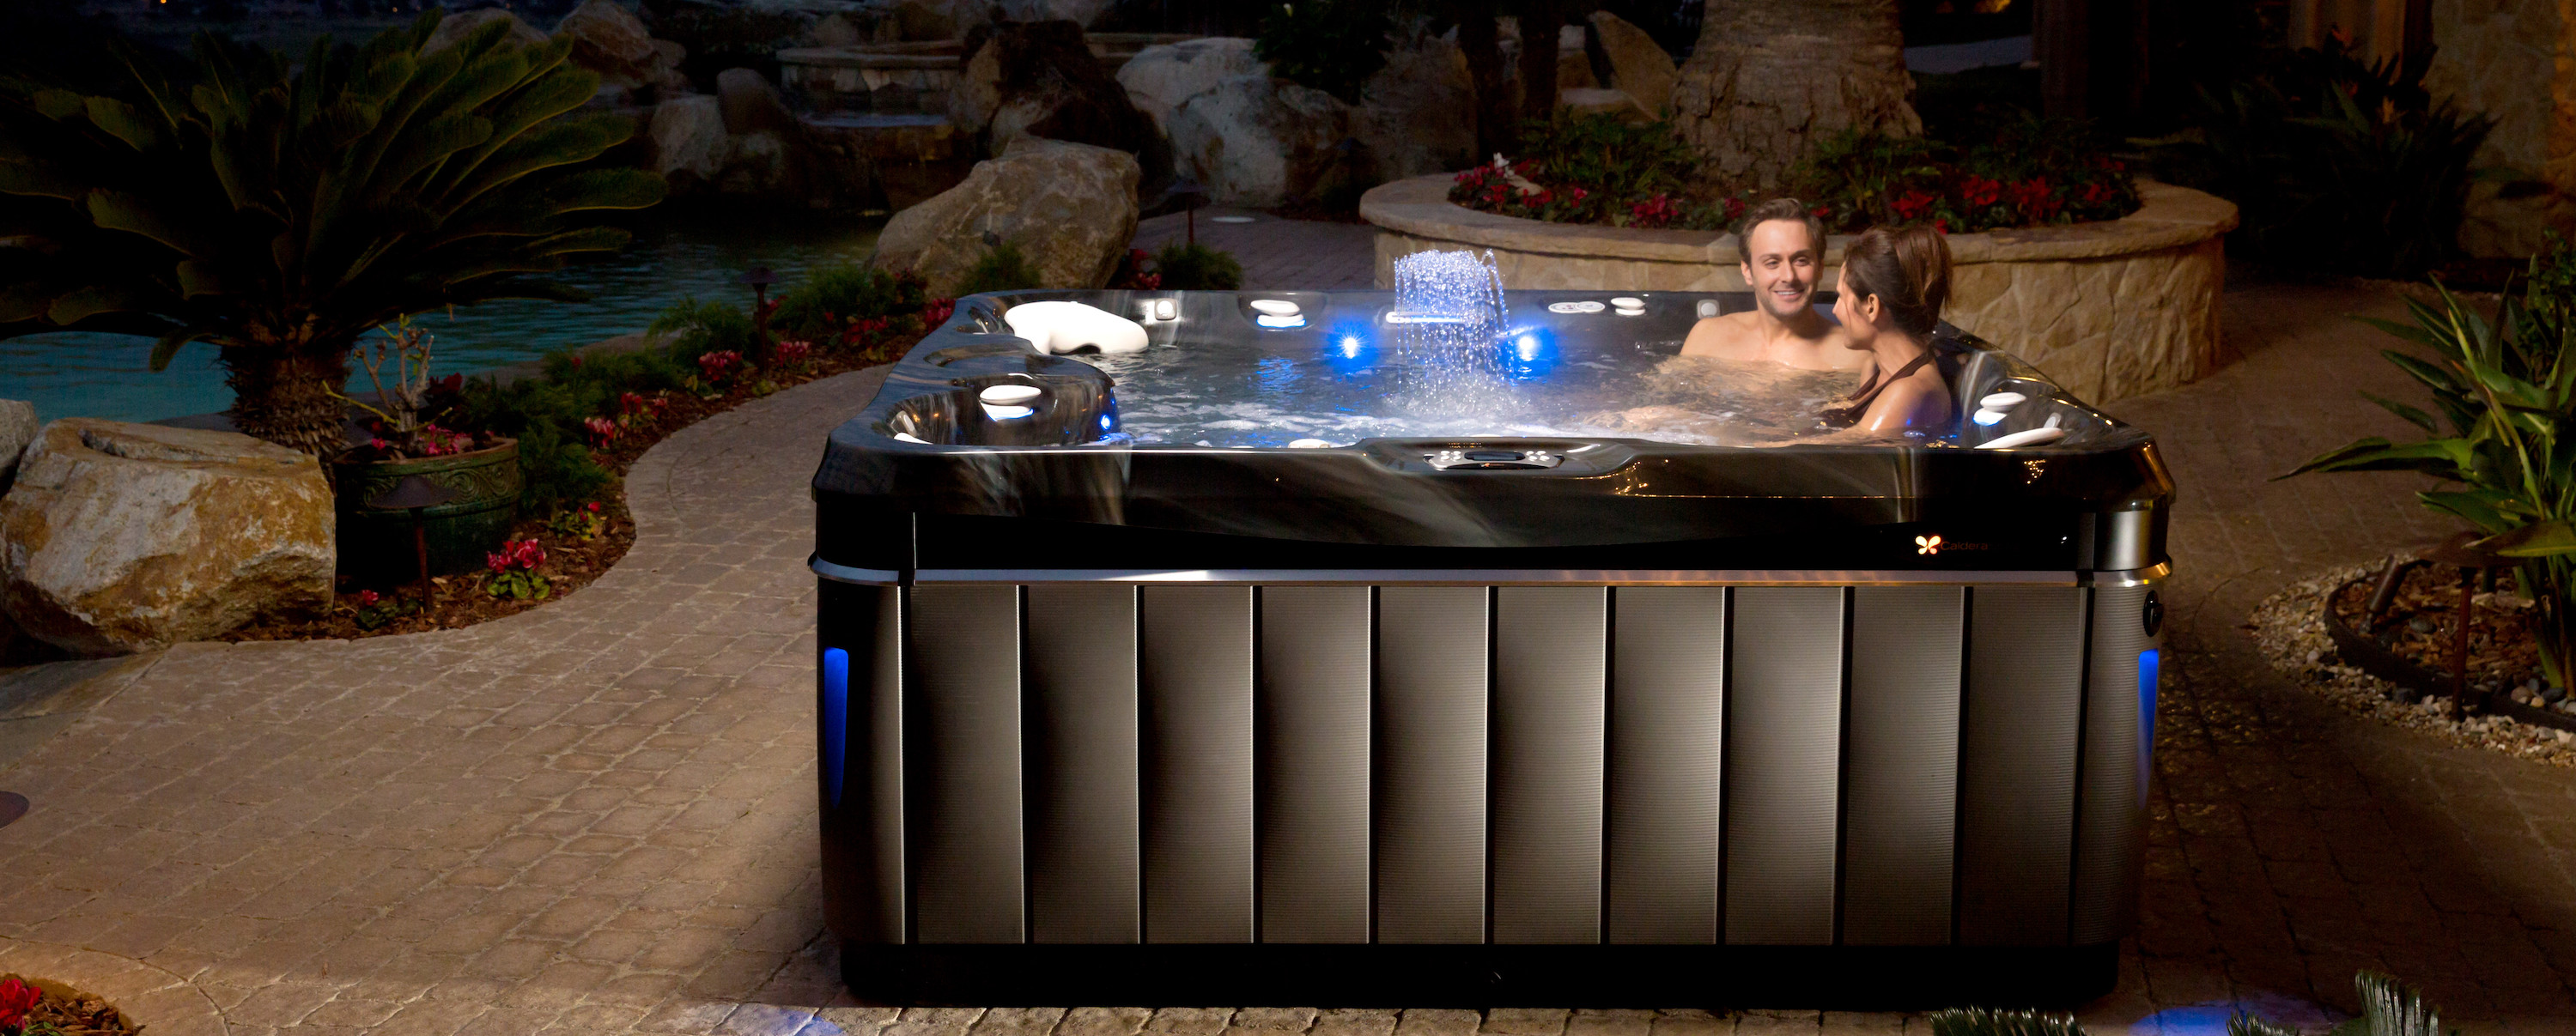 Jacuzzi Vs Hot Tub Vs Spa What S The Difference Caldera Spas
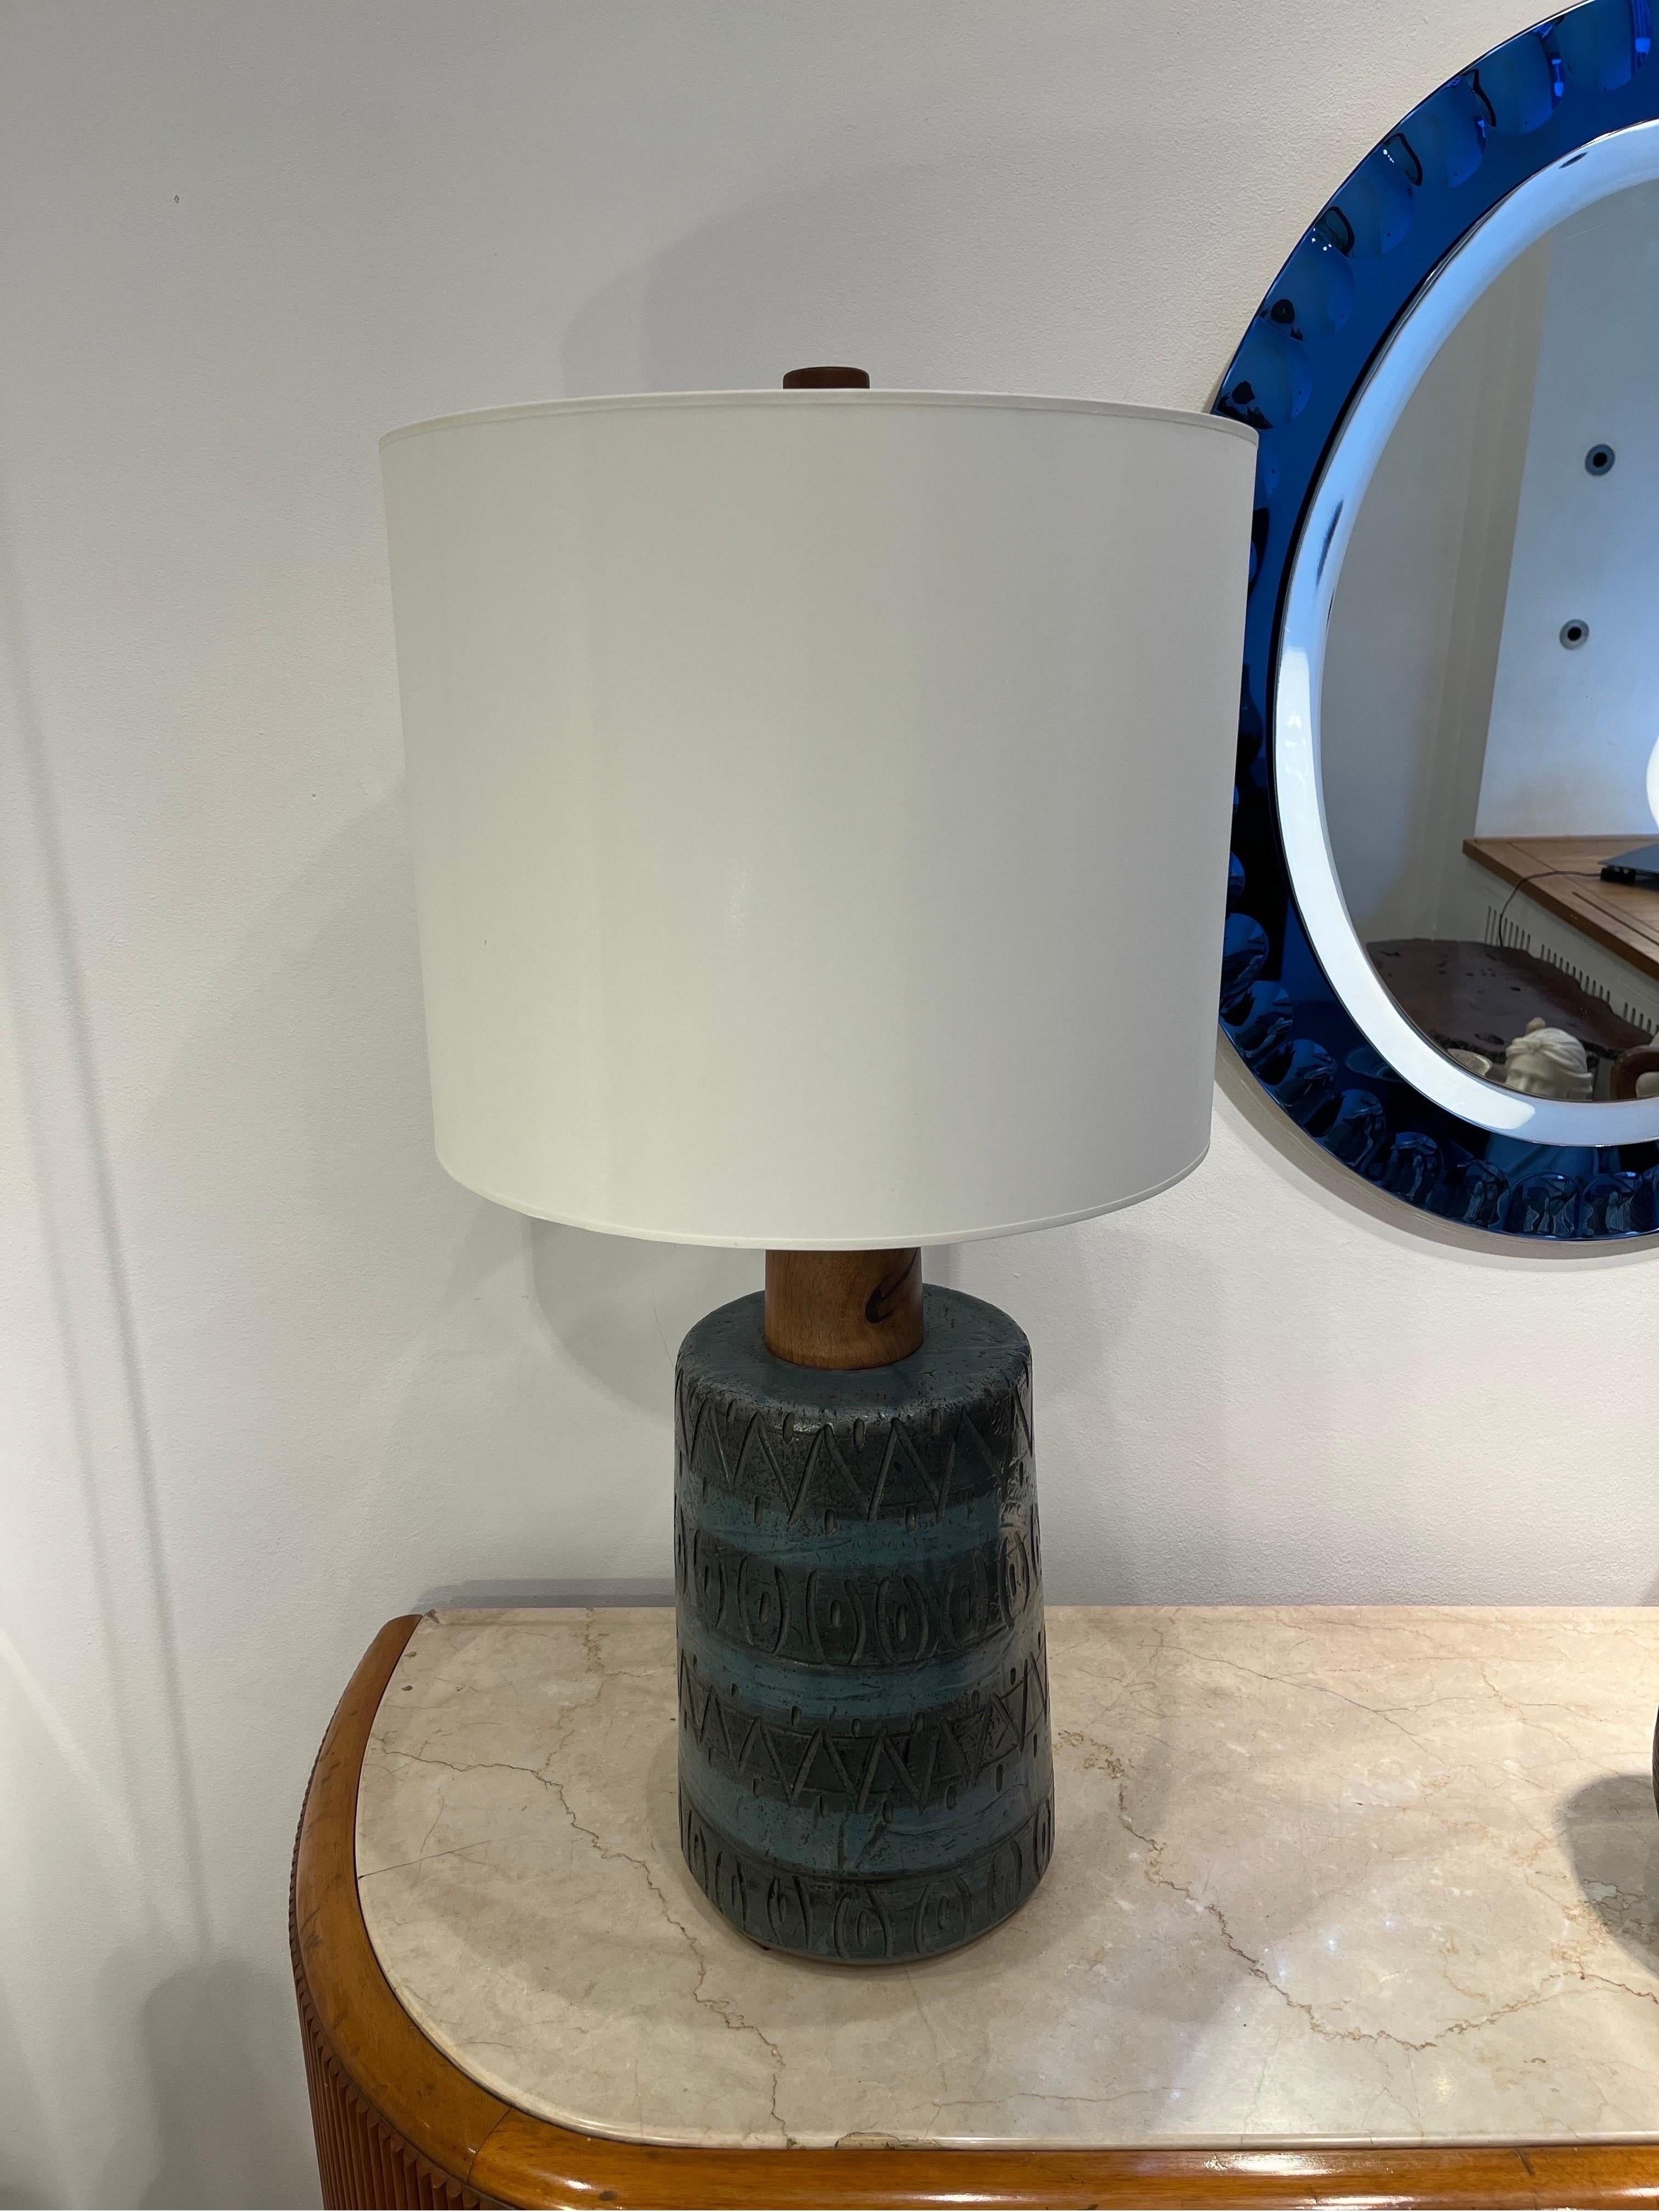 Ceramic table lamp created by Gordon & Jane Marta in the 1960s and produced in the Marshall Studios, Indianapolis. Decorated with a geometric abstract pattern colored in dark and lighter blue. The use of walnut for the shade holder is typical of
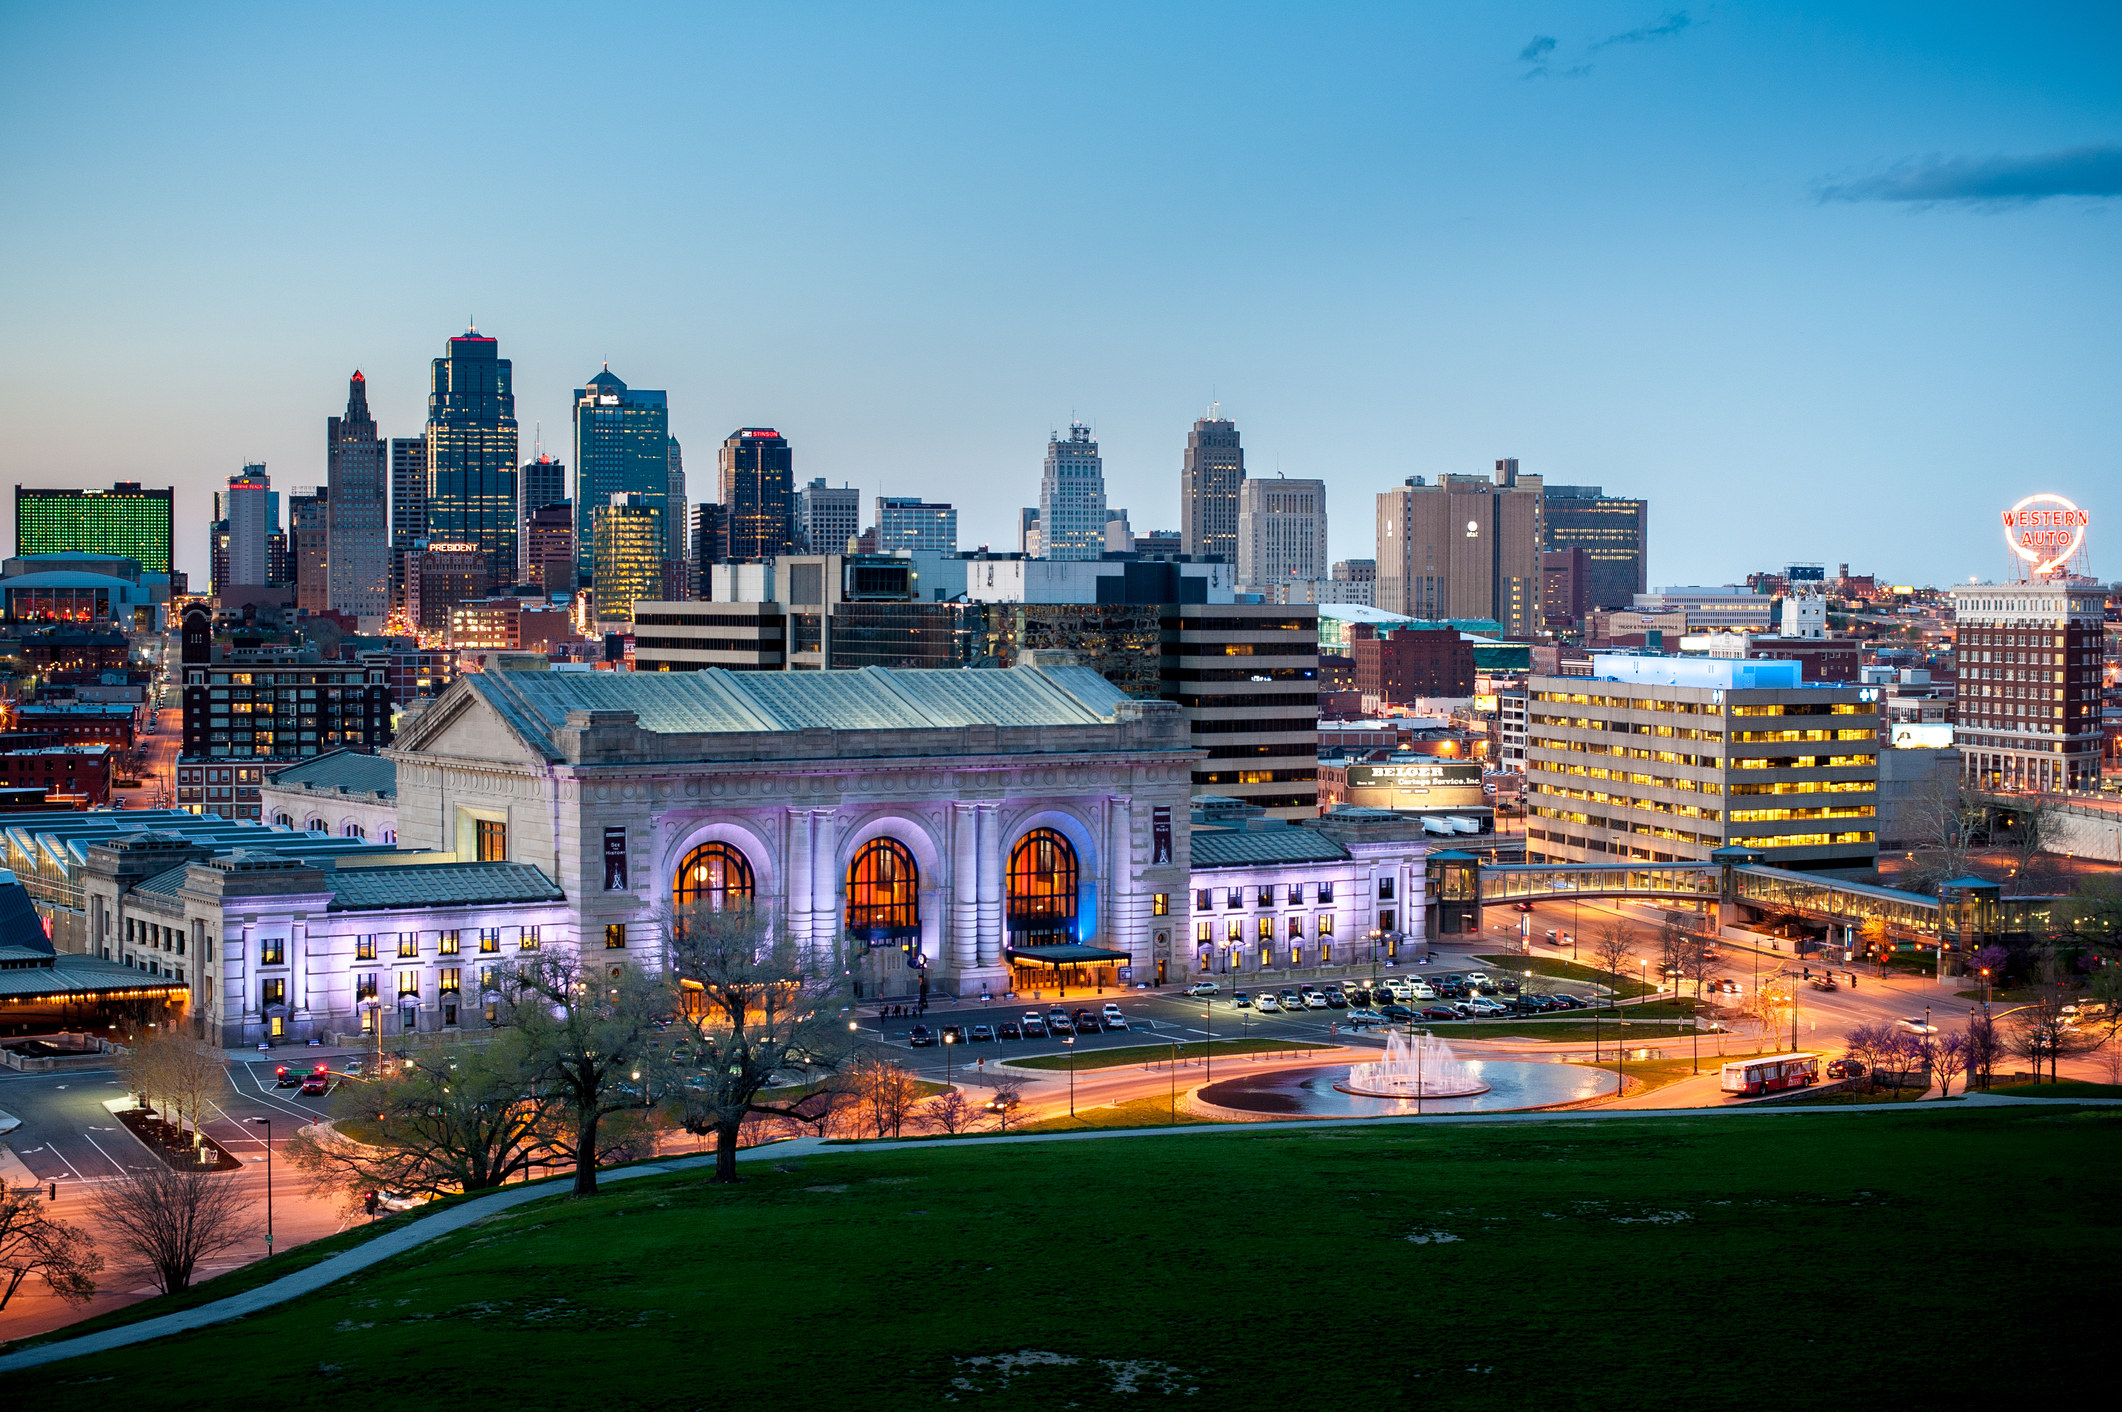 Union Station and downtown Kansas City at dusk.

-*-*-

Your reply should hold exactly the lines from the line containing "Ceramic table lamp" through the final line of the listing, and none of the pictures.

* **Worked solution**
 Ceramic table lamp created by Gordon & Jane Marta in the 1960s and produced in the Marshall Studios, Indianapolis. Decorated with a geometric abstract pattern colored in dark and lighter blue. The use of walnut for the shade holder is typical of
 Union Station and downtown Kansas City at dusk.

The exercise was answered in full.